Although, in the case of dehydrated mixtures of the aliphatic acids, difficulties in the separation of mixtures of formic acid with the lowest acids remain as the relative volatility of the mixture of formic acid and, for example, acetic acid for any ratio of these acids in the mixture has a value of about 1.2 to 1.5. It is therefore virtually impossible satisfactorily to separate mixtures of lower aliphatic acids from formic acid by direct distillation.

The aim of the present invention to provide an effective method of selection of the lower aliphatic acids from aqueous solutions of mixtures of these acids containing formic acid, which simplifies the process subsequent separation into individual acids.

According to the present invention this objective is achieved by the interaction of aqueous solutions of low molecular weight aliphatic acids with primary and/or secondary amines of General formula

< / BR>
where R1- aliphatic hydrocarbon radical containing 6 to 25 carbon atoms;

R2- H or an aliphatic hydrocarbon radical containing 1 to 25 carbon atoms,

and formaldehyde at a temperature of 50-80oWith binding of formic acid for the synthesis of tertiary amines and becom the/P> The number of amines and formaldehyde take based on information contained in a solution of formic acid. 1 mol of formic acid contained in an aqueous solution of a mixture of lower aliphatic acids, using 0.5-0,53 mole of a primary or from 1.0 to 1.03 mol of secondary amine and from 1.0 to 1.03 mol of formaldehyde.

During the heating of aqueous solutions of mixtures of low molecular weight aliphatic acids containing formic acid, with primary and/or secondary amines and formaldehyde is full target using formic acid as the reducing agent, according to the following equations:

< / BR>
< / BR>
The reaction occurs, the targeted use of formic acid for primary and/or secondary amines to tertiary amines. Thus, formic acid contained in an aqueous solution of a mixture of lower aliphatic acids irreversibly reacts with primary and/or secondary amines and formaldehyde and completely removed from the mixture of these acids.
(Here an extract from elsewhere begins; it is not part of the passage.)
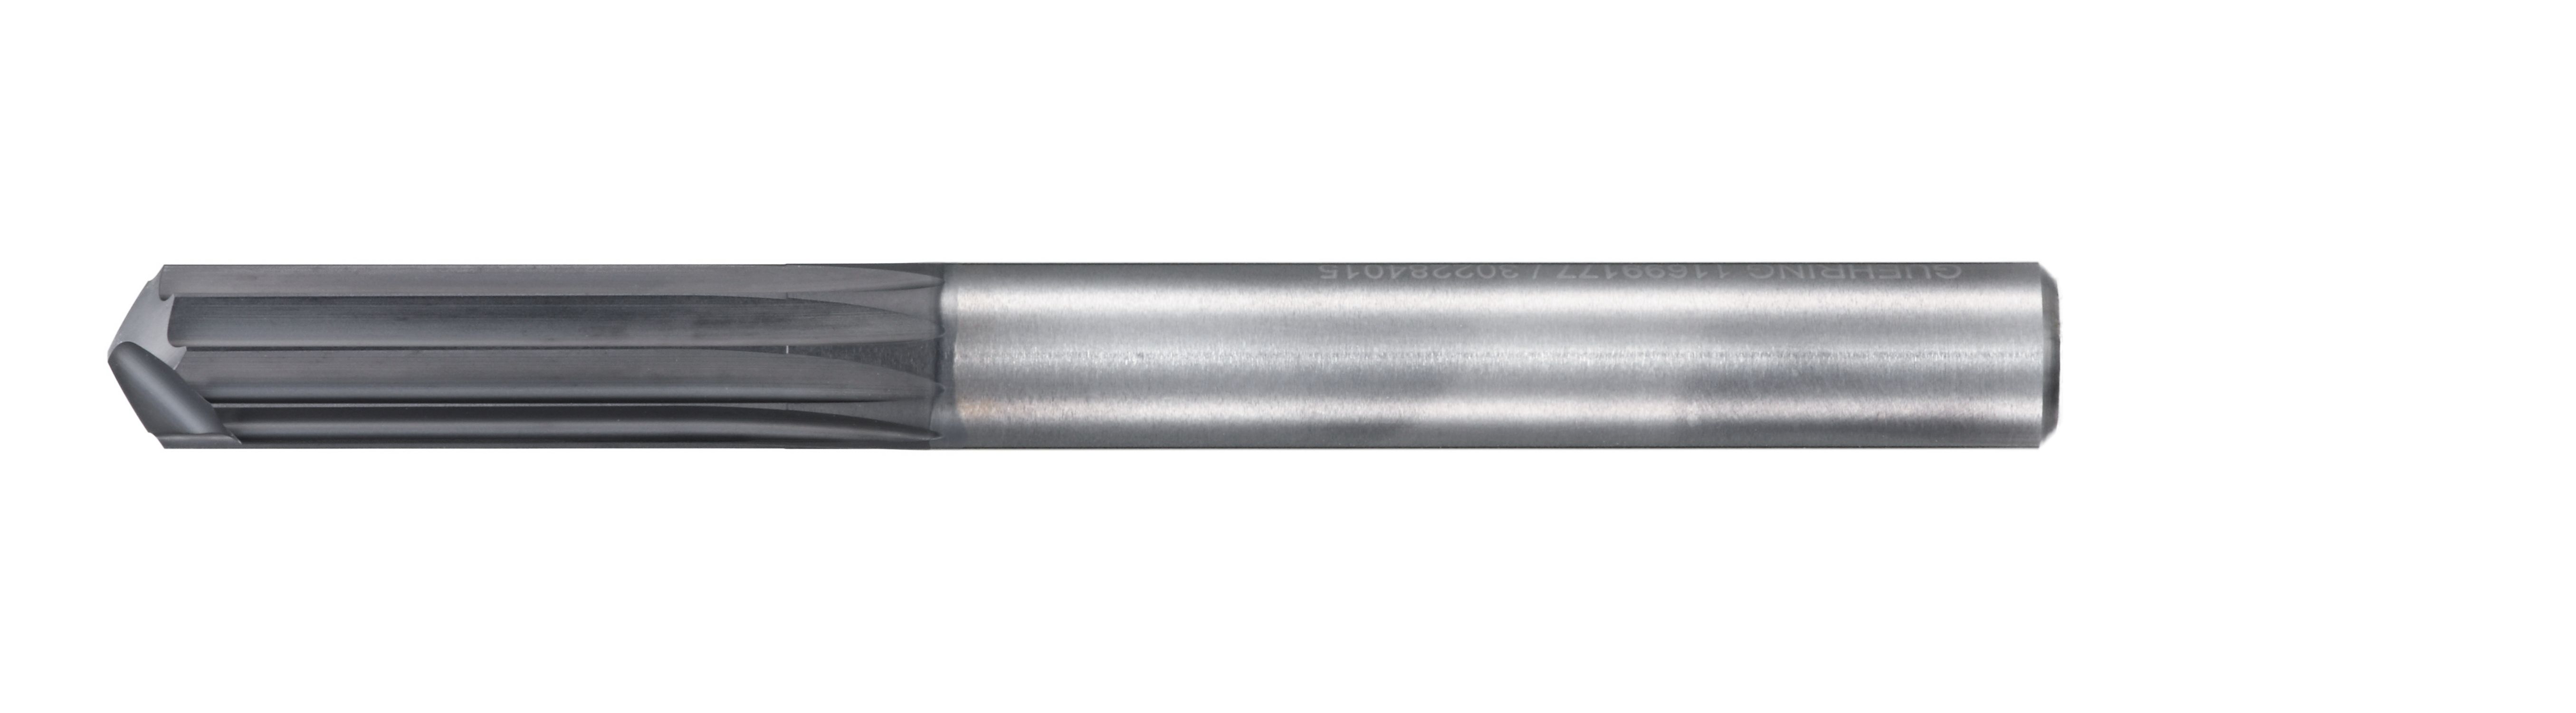 開槽/承擔Multi-Flute端銑刀的碳纖維增強塑料鑽尖CR100 6720

The resulting tertiary amines interact with other low molecular weight aliphatic acids (acetic, propionic, butyric and valerianic) to obtain the salts of these amines with acids WITH2-C5by the equation
2-C5defined value:

AND1+ A2+ A3< TOUKS+ Cprop+ Coil+ Cshaft< / BR>
where A1the number of primary amines contained in the amines have had taken at the beginning of the reaction, the moles;

AND2- the number of secondary amines contained in the amines have had taken at the beginning of the reaction, the moles;

AND3- the number of tertiary amines contained in the amines have had taken at the beginning of the reaction, the moles;

TOUKSthe content of acetic acid, moles;

TOprop- the content of propionic acid, moles;

TOoil- the content of butyric acid, moles;

TOshaft- the content of valerianic acid, moles;

additionally impose ready tertiary amines based

< / BR>
where aDOB- the number of added tertiary amines, g;

- average molecular weight of the added tertiary amines;

With the content of the tertiary amine added in tertiary amines have had, %.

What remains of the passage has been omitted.